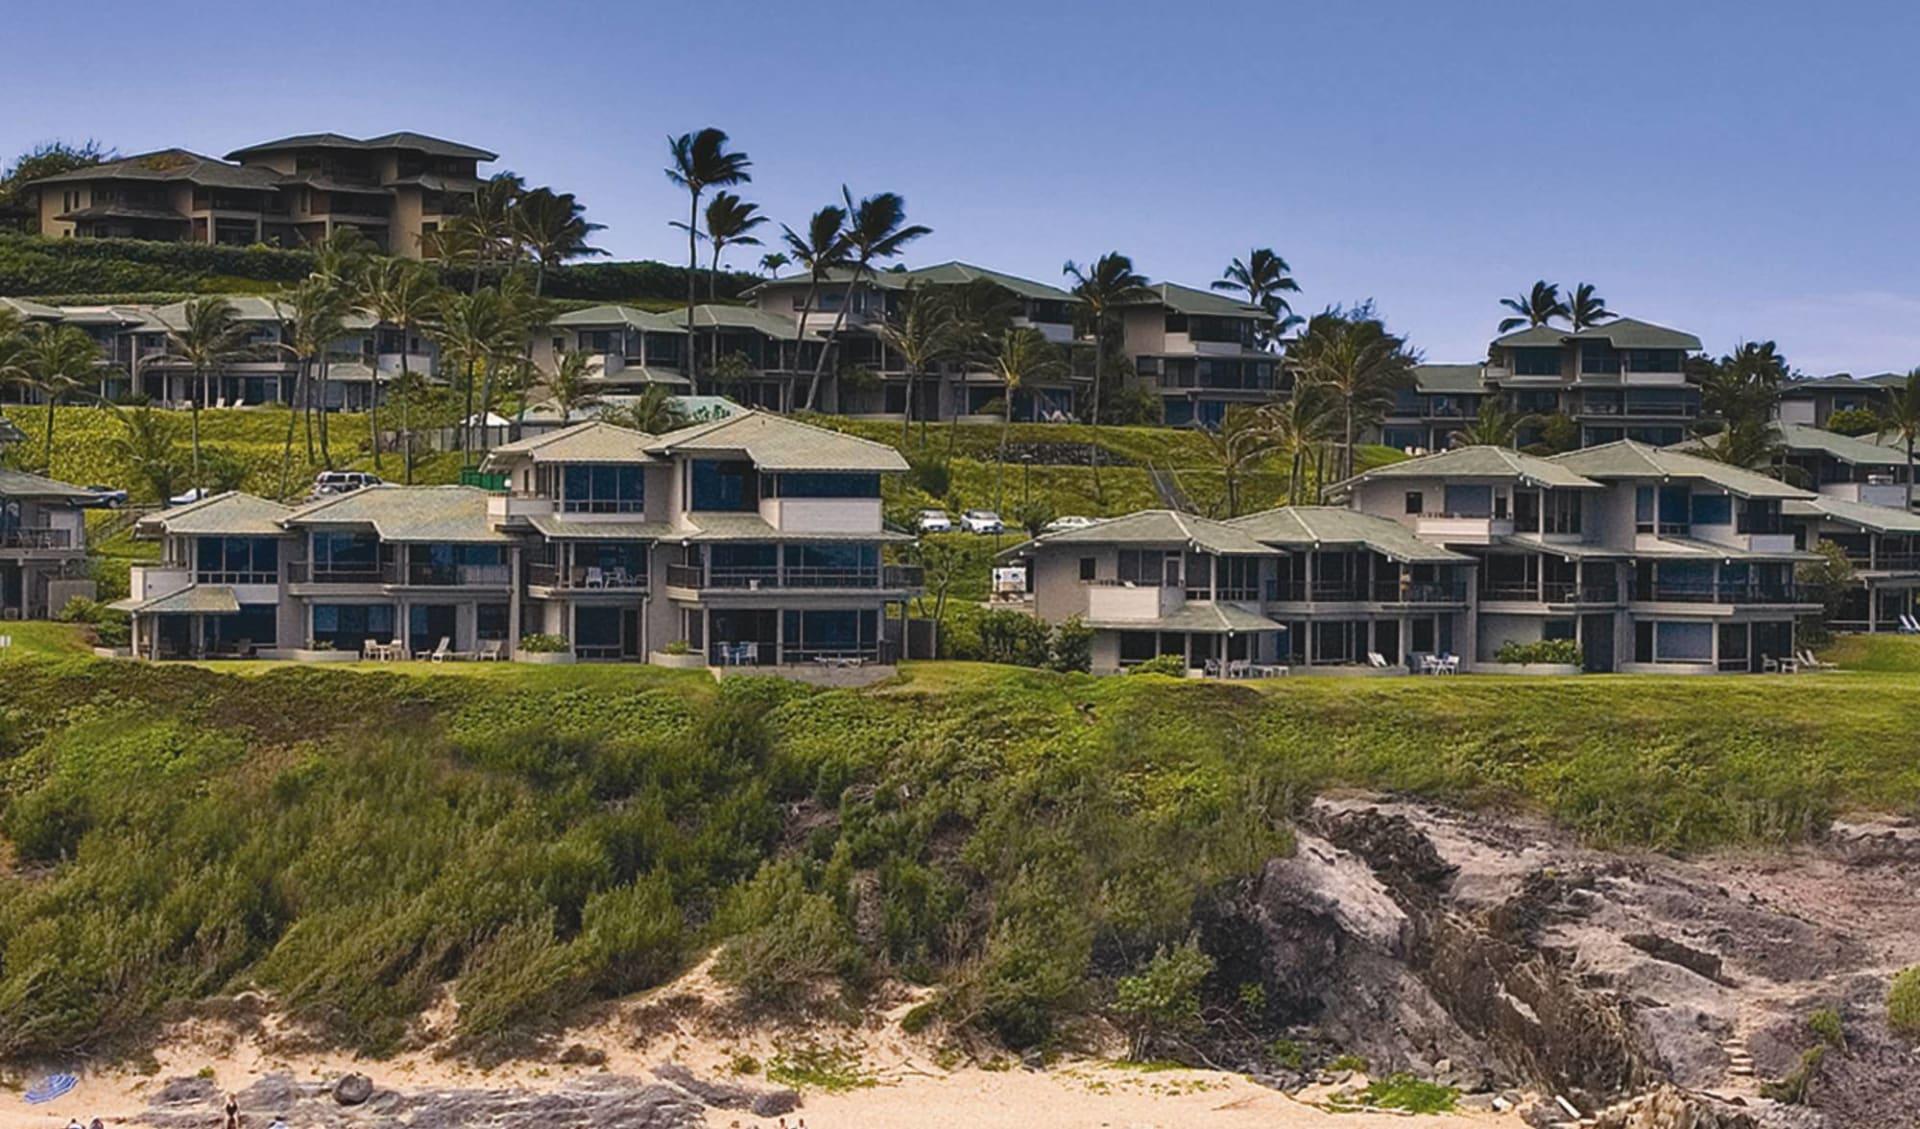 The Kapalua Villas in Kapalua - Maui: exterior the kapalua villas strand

---

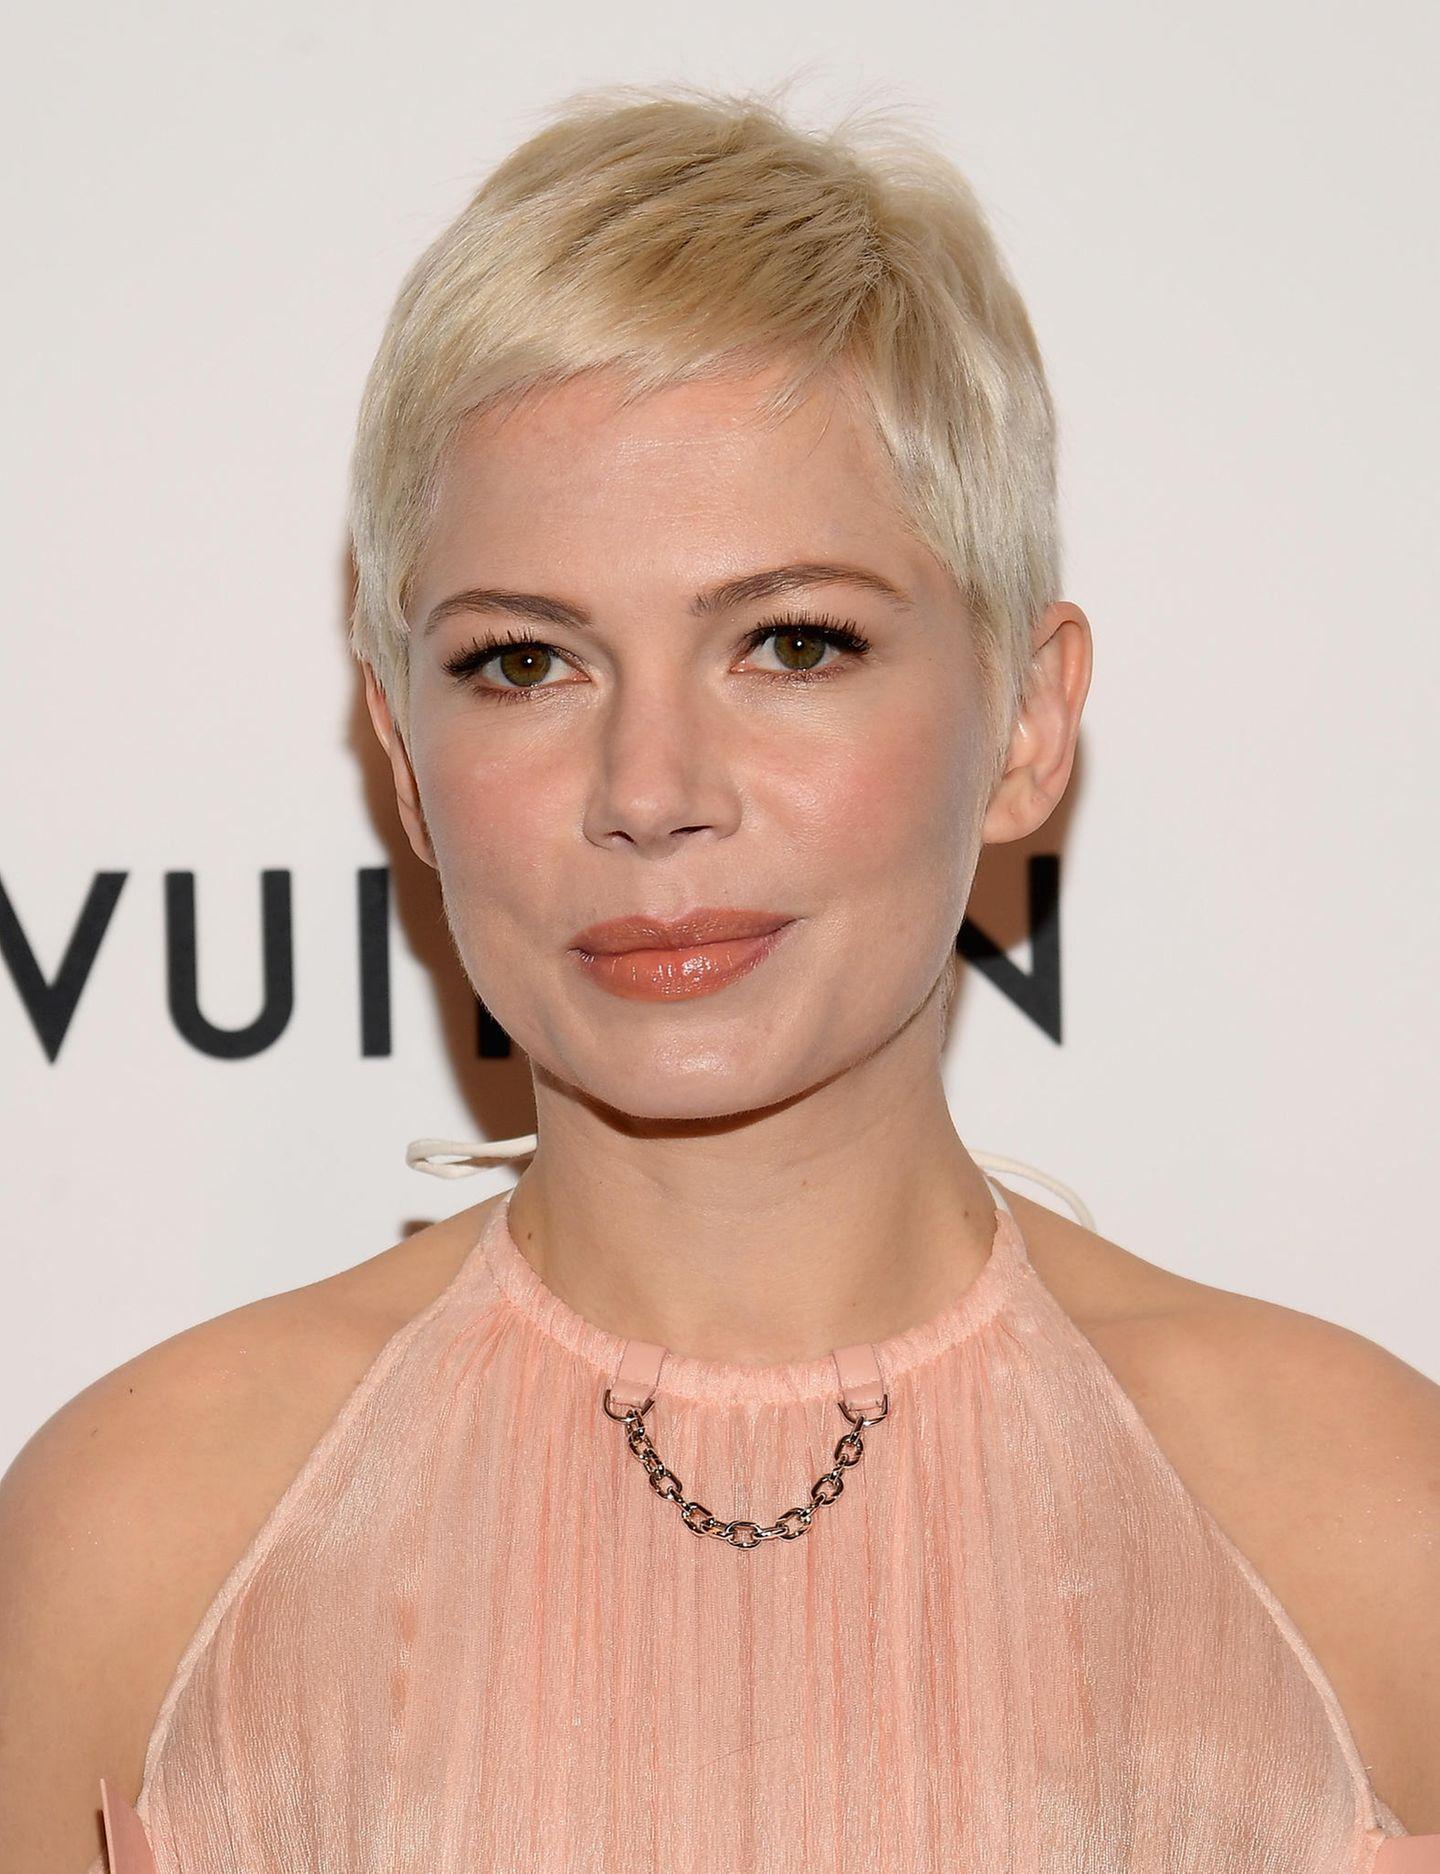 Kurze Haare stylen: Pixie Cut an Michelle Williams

==

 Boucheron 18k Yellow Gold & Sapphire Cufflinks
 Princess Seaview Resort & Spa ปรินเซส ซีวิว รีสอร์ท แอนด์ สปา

Your assignment -
With the line holding "Boucheron 18k Yellow" as the first and the line holding "Princess Seaview Resort" as the last, please transcribe exactly the lines of the material above in that range and nothing else.

Solved problem -
 Boucheron 18k Yellow Gold & Sapphire Cufflinks
 Princess Seaview Resort & Spa ปรินเซส ซีวิว รีสอร์ท แอนด์ สปา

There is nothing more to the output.